_Information provided_:
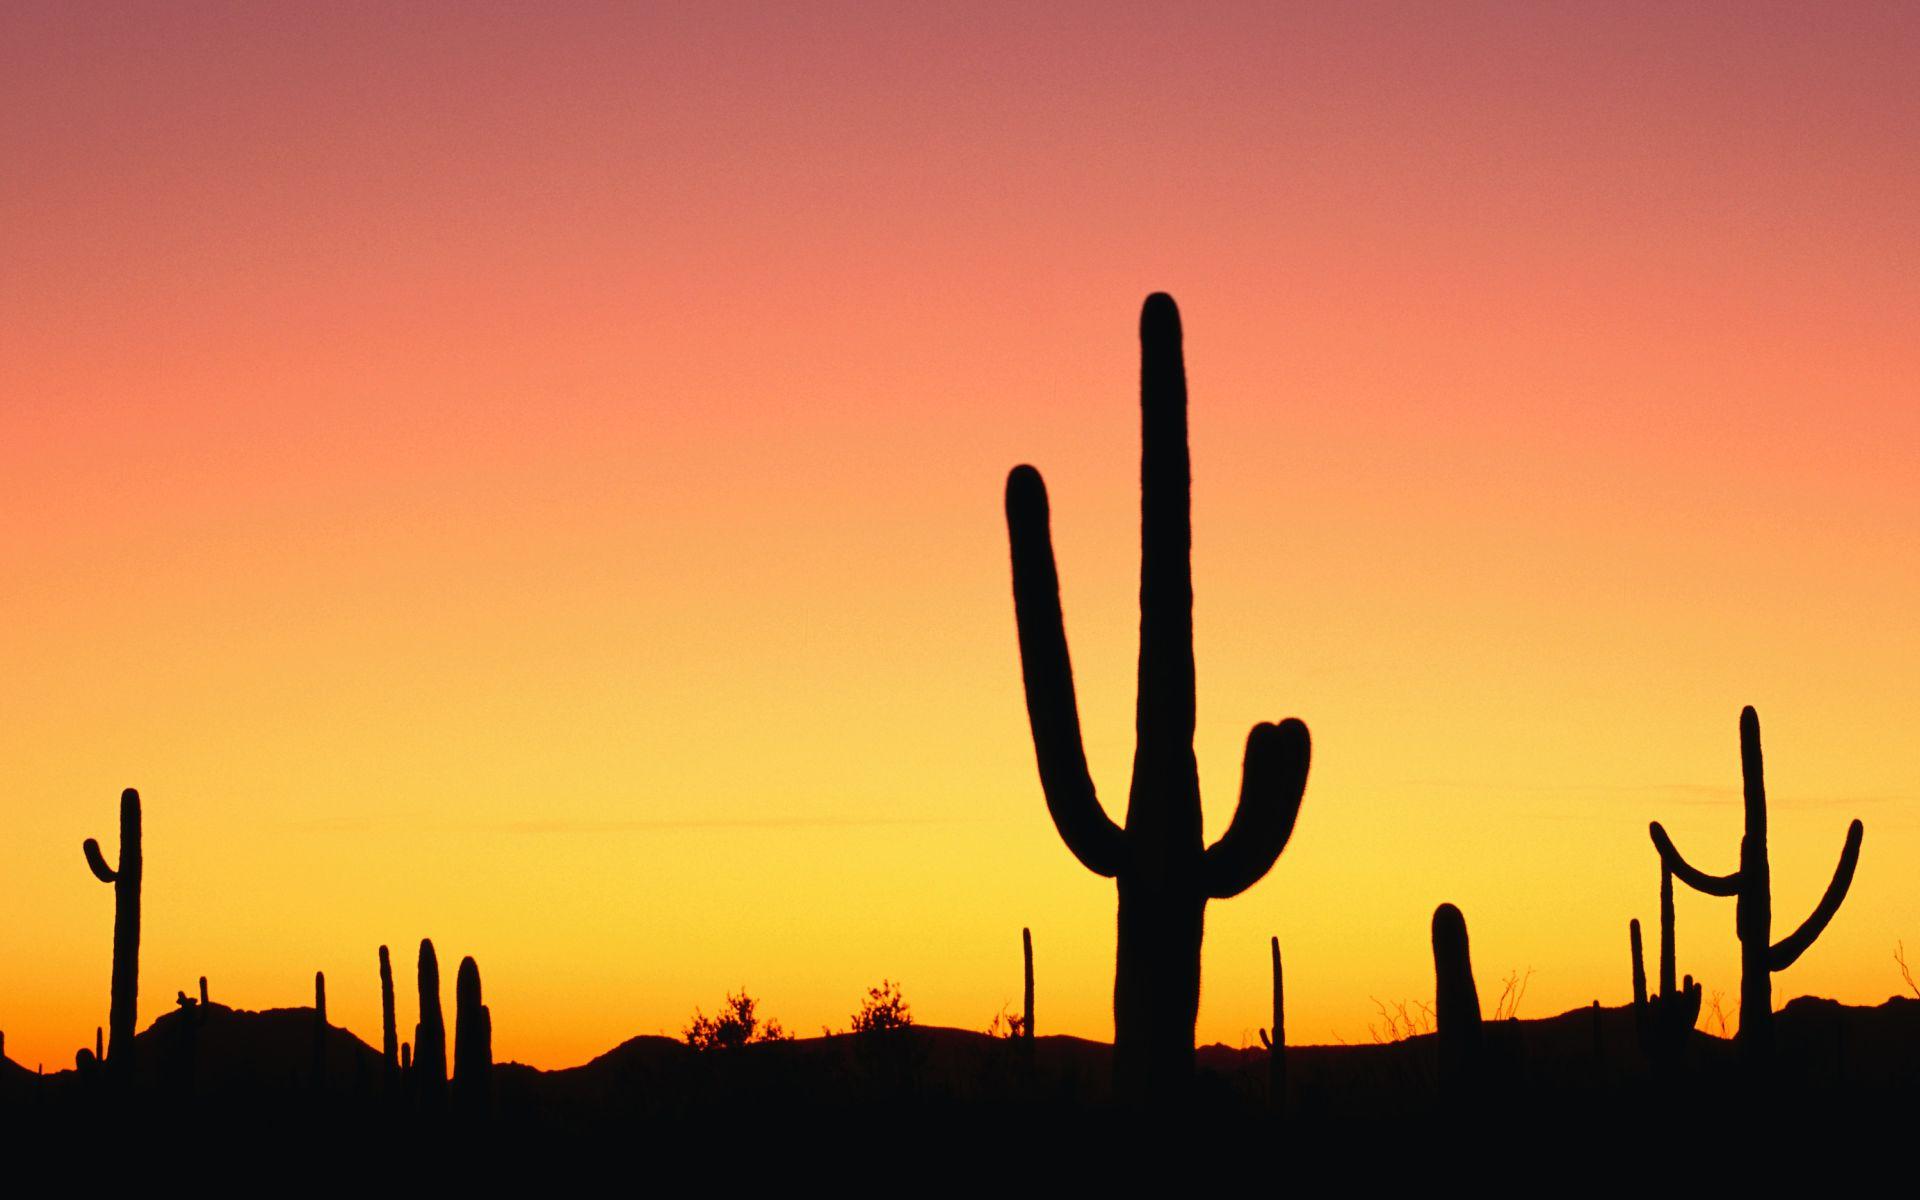 Arizona Sunset Wallpaper 30130
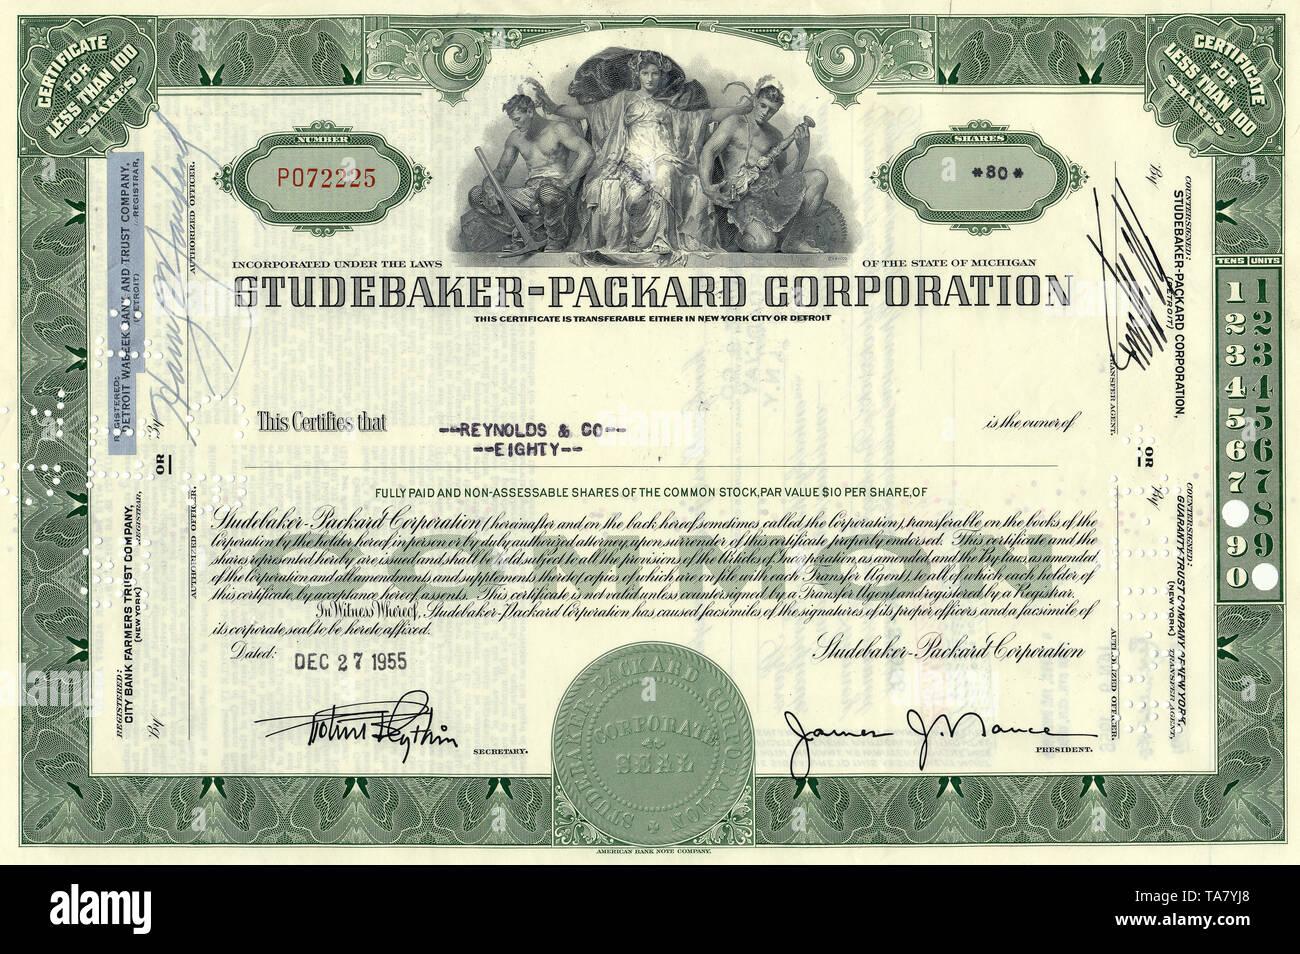 Historische Aktie, Automobilhersteller, Studebaker-Packard Corporation, 1955, New York, USA, Historical stock certificate, automobile manufacturers - Stock Image
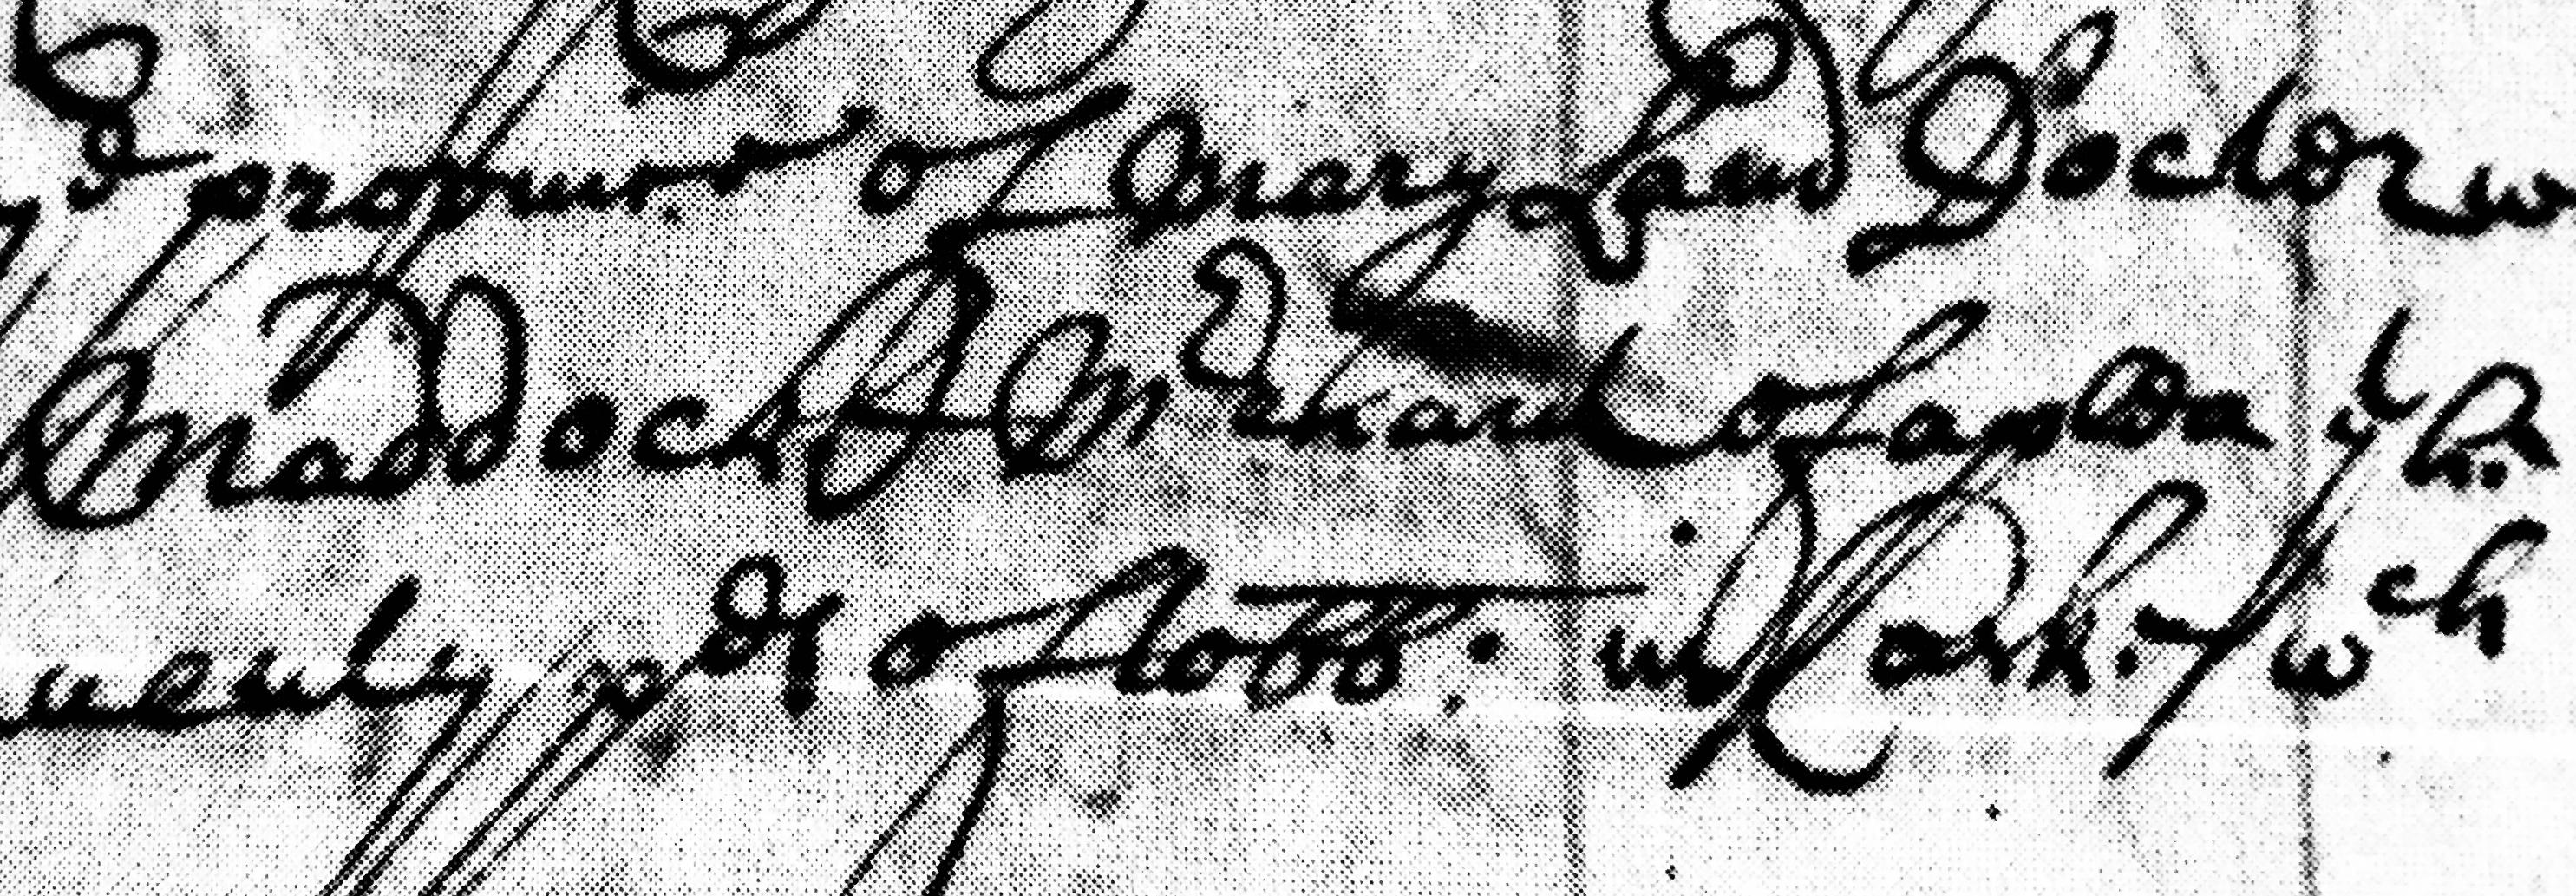 Cornelius Maddox merchant of what 1684
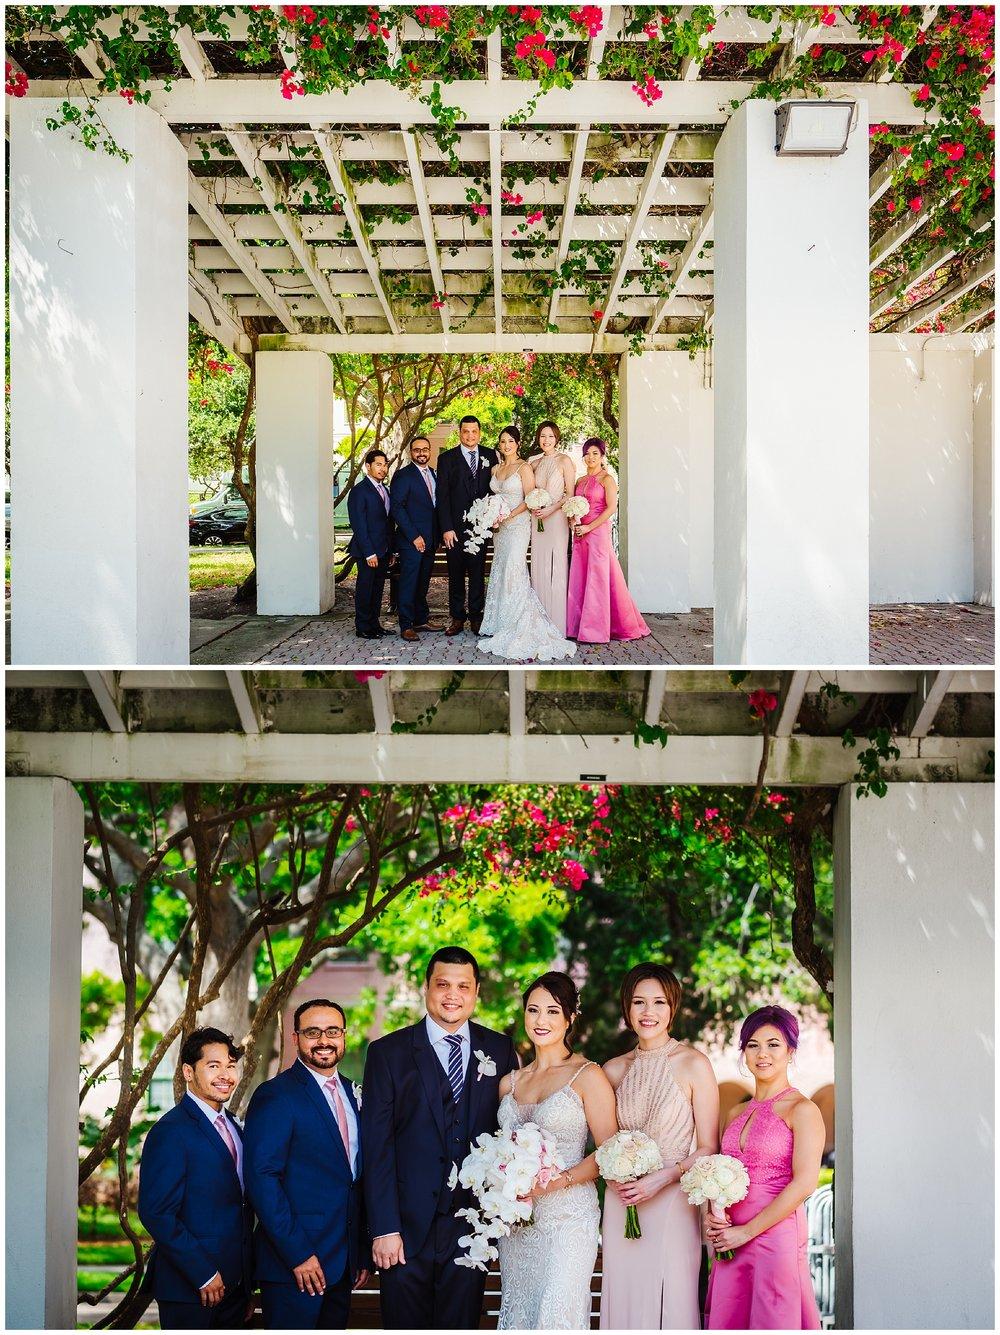 vinoy-sunset-ballroom-rainy-day-wedding-photography-orchids-trinidad-flawless-fetes-ashlee-hamon_0112.jpg

_Your instructions_: Would you print all of the material exactly as written, minus the pictures?

_Task answer_:
 Arizona Sunset Wallpaper 30130
 Historische Aktie, Automobilhersteller, Studebaker-Packard Corporation, 1955, New York, USA, Historical stock certificate, automobile manufacturers - Stock Image
 Cornelius Maddox merchant of what 1684
 vinoy-sunset-ballroom-rainy-day-wedding-photography-orchids-trinidad-flawless-fetes-ashlee-hamon_0112.jpg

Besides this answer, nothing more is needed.